1. Technical Field of the Invention
The present invention relates to a semiconductor integrated circuit with non-connection pins which are defined neither as an input/output nor as a voltage source.
2. Description of the Prior Art
Generally, the lead on chip (LOC) semiconductor device or chip on lead (COL) semiconductor device is supplied with the defined connection pins connected with input circuit, output circuit, and voltage source circuit, as well as the above-mentioned non-connection pins. Such non-connection pins are inevitably provided particularly in case of gate arrays to choose connections freely.
Further, LOC or COL semiconductor devices are supported on the lead frame which comprises connection pins and non-connection pins for wire bonding. Accordingly, the connection pins and the non-connection pins are extended to the positions for supporting the semiconductor chip.
Therefore, the non-connection pins are adjacent to the connection pins in the semiconductor device packaged by using the above-mentioned lead frame, wherein the non-connection pins are connected with the leads, extending on or under the semiconductor chip through an insulating film, which are not connected electrically with the internal circuit, while the connection pins are connected with the internal circuit electrically by the metal wires bonded with the lead.

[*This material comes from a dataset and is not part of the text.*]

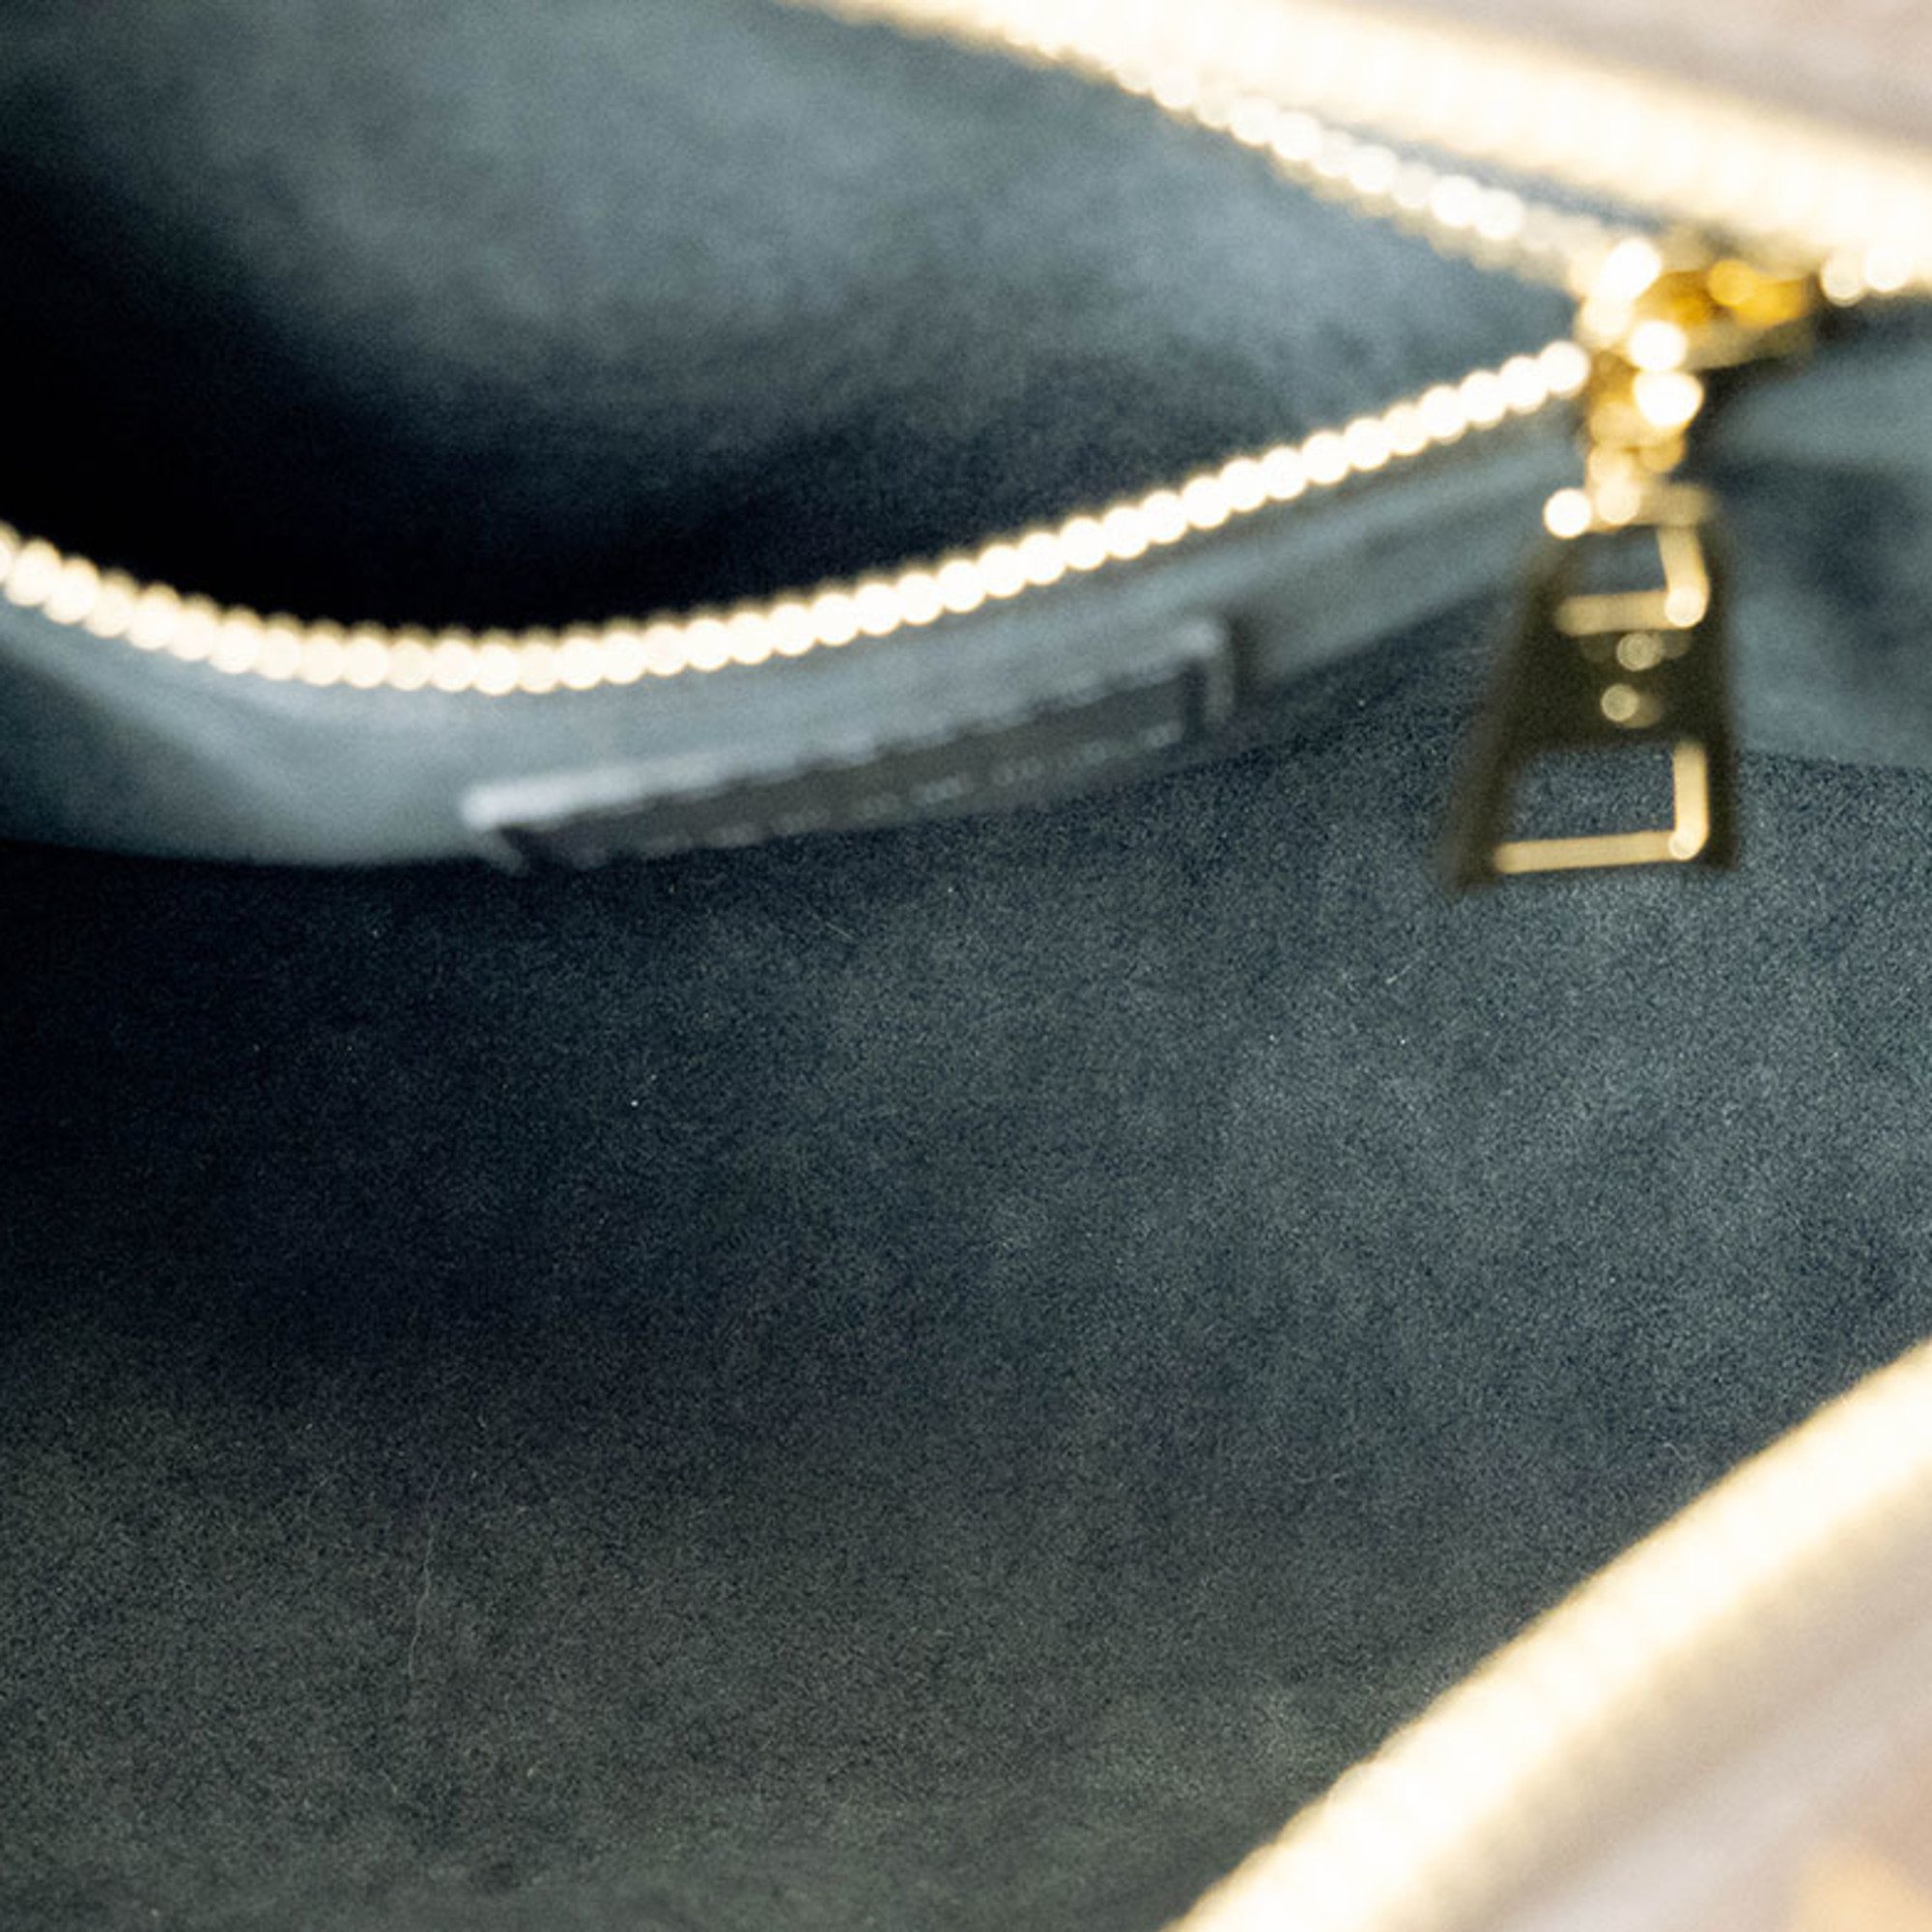 Louis Vuitton Petite Malle Souple Handbag Monogram M41108 Women's 2-way Shoulder Bag LOUIS VUITTON

If an abnormally high voltage is applied to the non-connection pins by static electricity, the insulating film in the semiconductor chip may suffer electrostatic breakdown by the discharge through the lead.
A semiconductor integrated circuit for preventing the electrostatic breakdown in the non-connection pins is disclosed in the Japanese Patent 61-180470(A) (1986)(Reference 1), wherein a surge voltage discharge circuit is connected to the lead which is connected to the non-connection pins.
There is also disclosed in the Japanese Patent 2-119171(A)(1990)(Reference 2) a semiconductor integrated circuit for preventing the electrostatic breakdown in the non-connection pins, wherein a protection means including a diode is connected with the connection line pattern.
Further, there is disclosed in the Japanese Patent 6-120426(A)(1994)(Reference 3) a master slice semiconductor integrated circuit with a protection diode circuit for preventing the electrostatic breakdown in the non-connection pins caused by the high voltage induced by a mutual inductance of the lead frame and the bonding wires, when a high voltage is applied to the connection pins which are adjacent to the non-connection pins.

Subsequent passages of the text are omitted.